Spruyt 1994 The Sovereign State and Its Competitors: An Analysis of Systems Change

Q: Doesn’t accept bellicist or growth-centered explanations for rise of modern state. Explains rise of new organizational forms (feudalism, the church, and empires, all non-territorial forms of organization => kings, city-leagues, and city-states, territoriality as a dominant principle). The crucial question is not the oft-studied growth of formal government (bureaucracy) but "why some governments took the form of sovereign territorial rule whereas others did not."

Claim: feudalism did not give way to any single successor institution in simple linear fashion.

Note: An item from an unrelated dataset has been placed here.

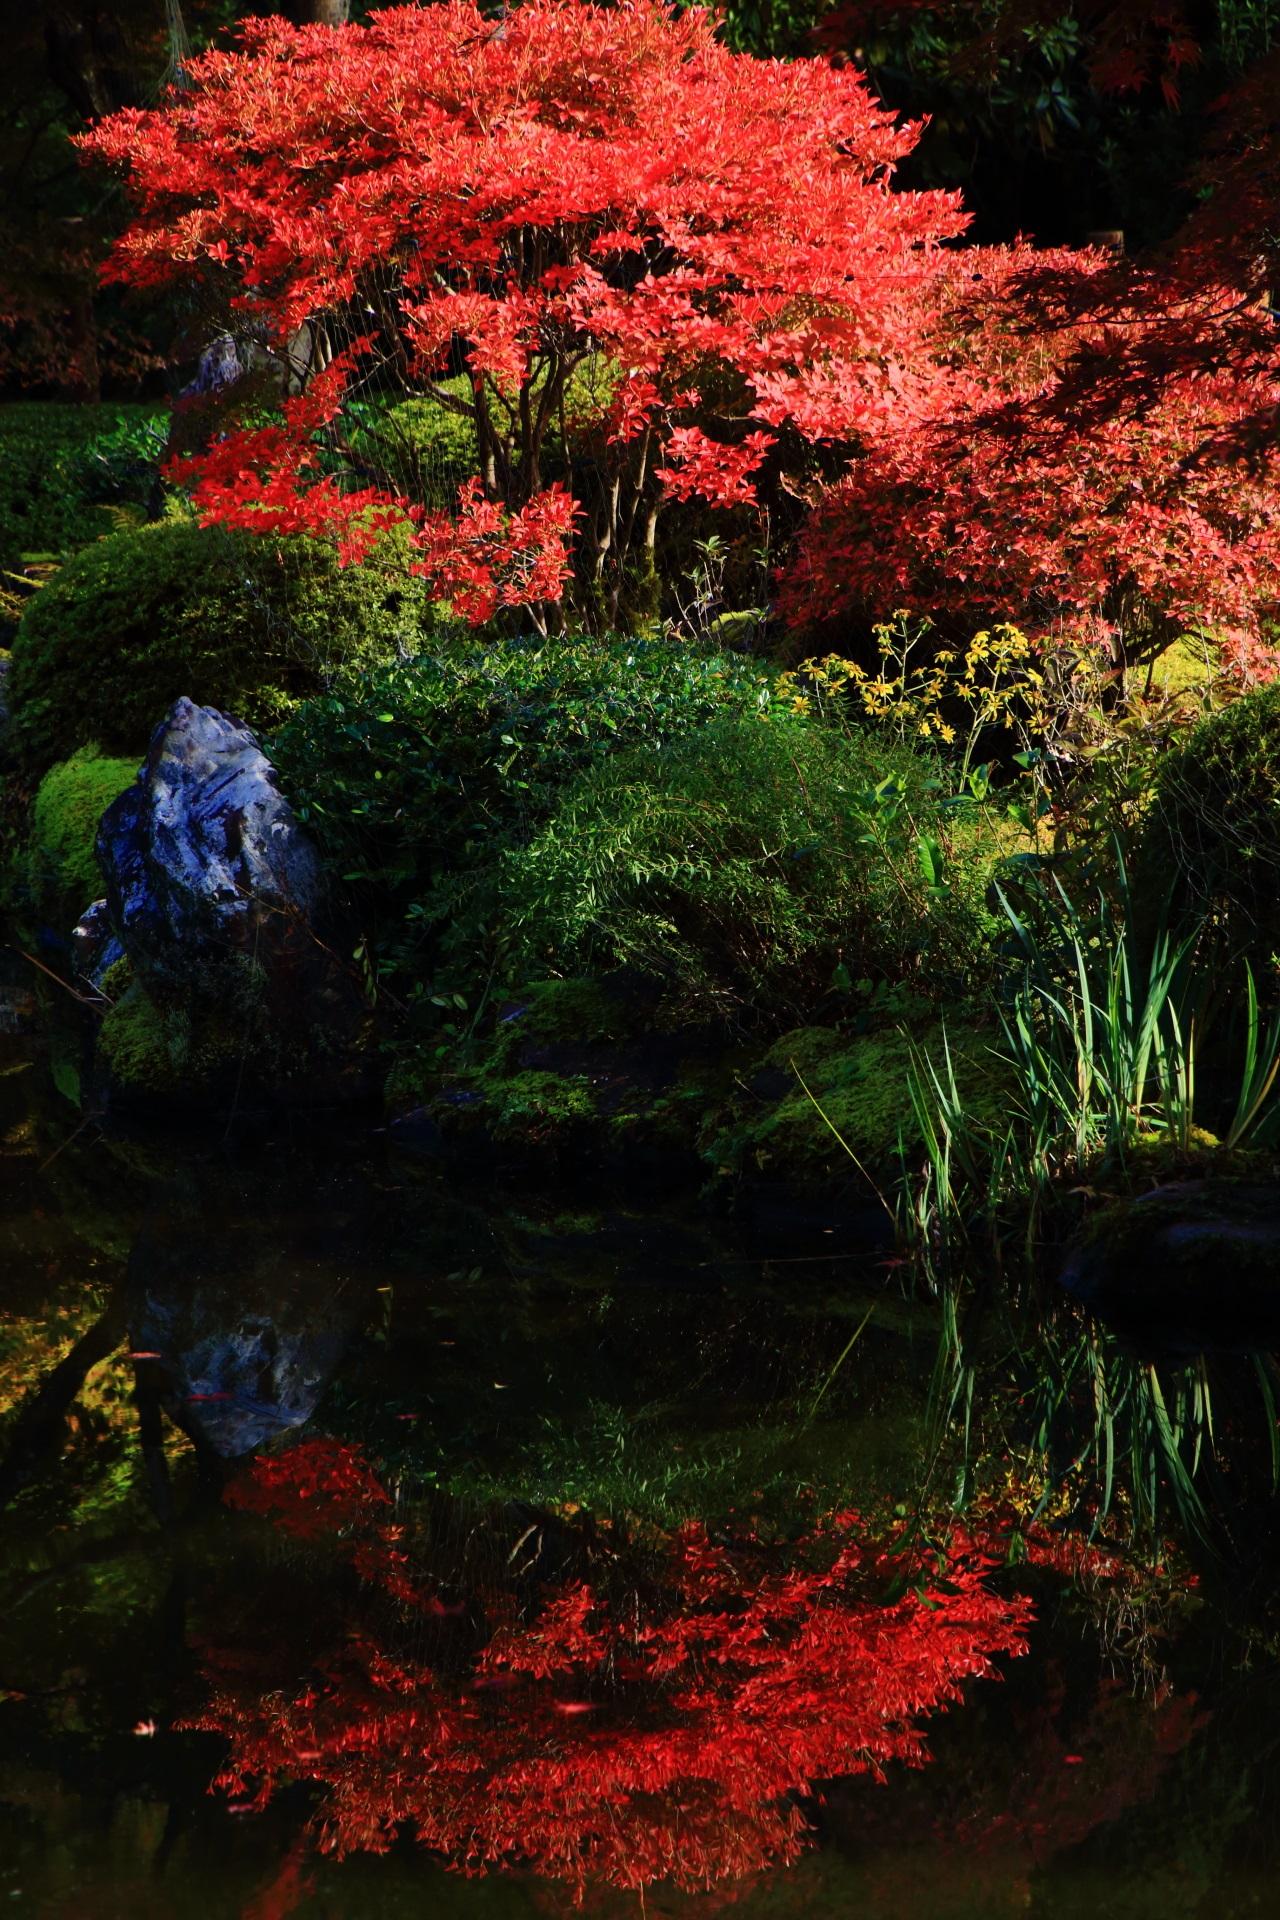 三室戸寺のツツジの紅葉の水鏡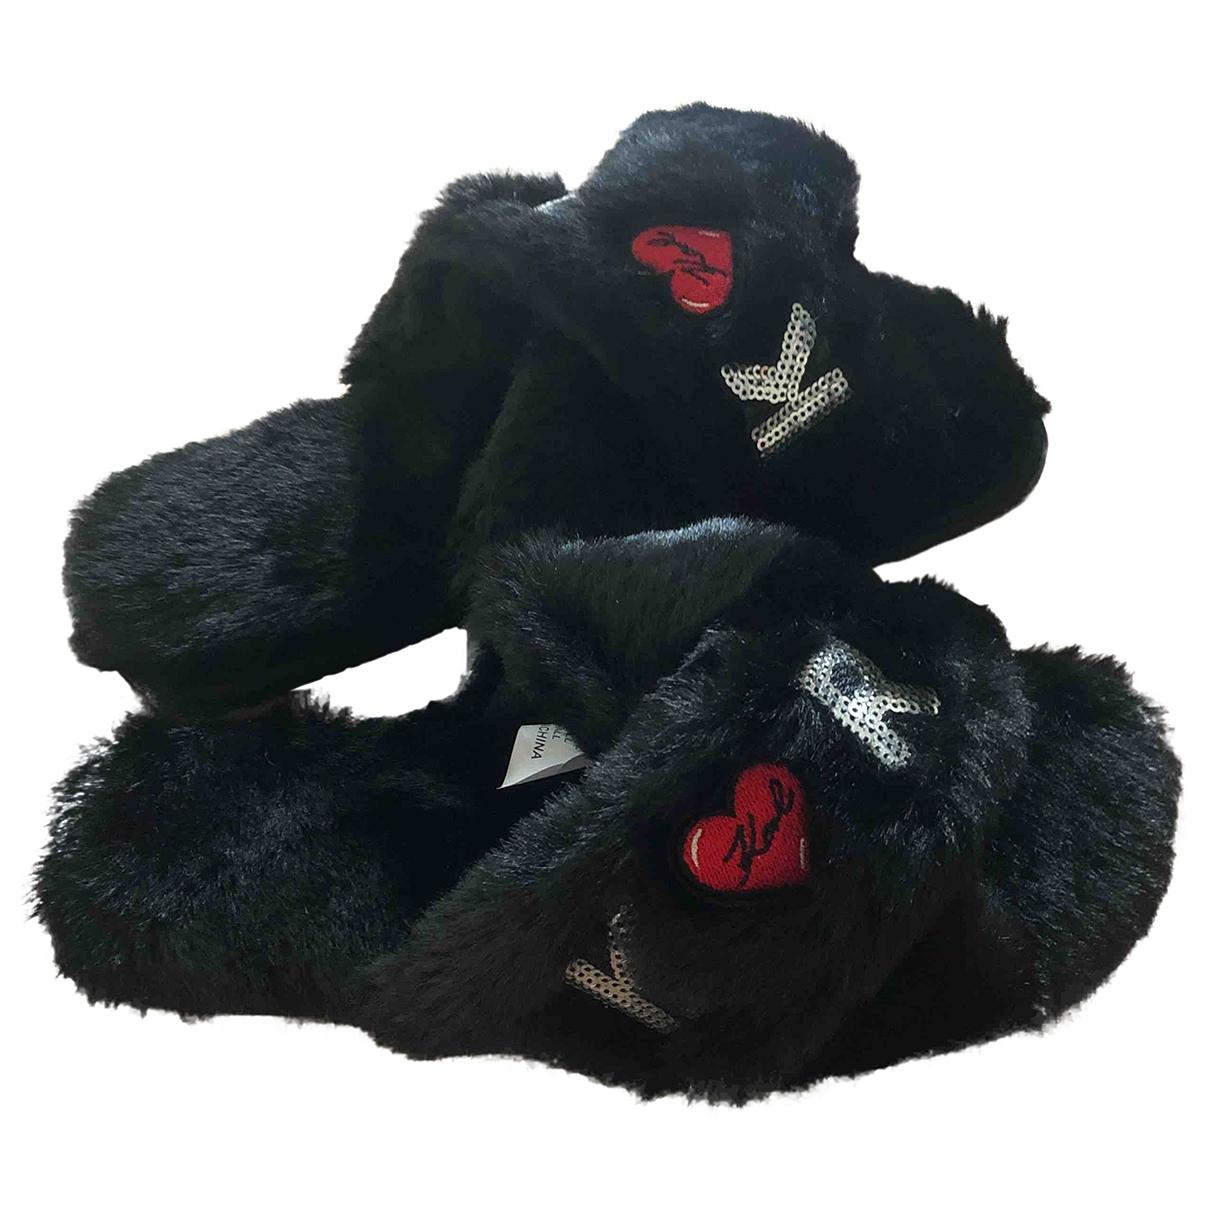 Karl Lagerfeld - Sabots   pour femme en fourrure synthetique - noir

Methodology [Durkheimian]:
Agent-driven choices interaction of individual and state, state as embedded agent.
Model of change: social and political realignments following exogenous shock.
Gould: punctuated equilibrium: institutional outcomes don’t need to be optimal; there are good reasons for static institutions – transaction costs of change are high.

Cases
Examining competing institutions that arose during the decline of feudalism - urban leagues (Germany), city states (Italy) and sovereign monarchies (France);
France: Sovereign State
Goal was to extend authority to counter feudalist landed elite; Shift to exclusive Roman Law (codified, not personalised, over a strict territorial basis, emphasis on personal prosperity).
Germany: Hanseatic League
Alliance between towns and lords (weak kings weren’t able to interfere, no sovereign state), organized trade and war; o clear territorial borders or hierarchical structure, prevention of feudalistic organisation.
Italy: City States
Open for trade, no central authority (strong landed aristocracies), cities under rule of special ‘officers’ (Signoria, Podesta), noble/burgher (citizen) coalition

Findings: (Confirm Gould’s version of evolutionary theory)
  1. dramatic economic change in medieval economy => variety of institutional forms;
  2. selective phase of institutional evolution.
Selection mechanisms: 1) Survival of the fittest; 2) Mutual empowerment; 3) Mimicry and exit. => Sovereign territorial authority proved superior to its rivals in organizing domestic society (mobilizing resources, providing goods, judiciary, enforcement) and structuring external affairs (easier to negotiate).

Summary
  • Sovereignty developed as result of adaptation, not conflict. Isomorphism through competition;
  • The territorial sovereign state prevailed owing to its: a) Internal hierarchy; b) territorial demarcation. (War was intermediary cause only)

Critiques:
1. Nature of Institutional Change: Is change sporadic or incremental? what is the turning point?
  1. Is it institutional change or individual preferences for institutional change?
  2. (how did territorial sovereign states develop in the first instance)?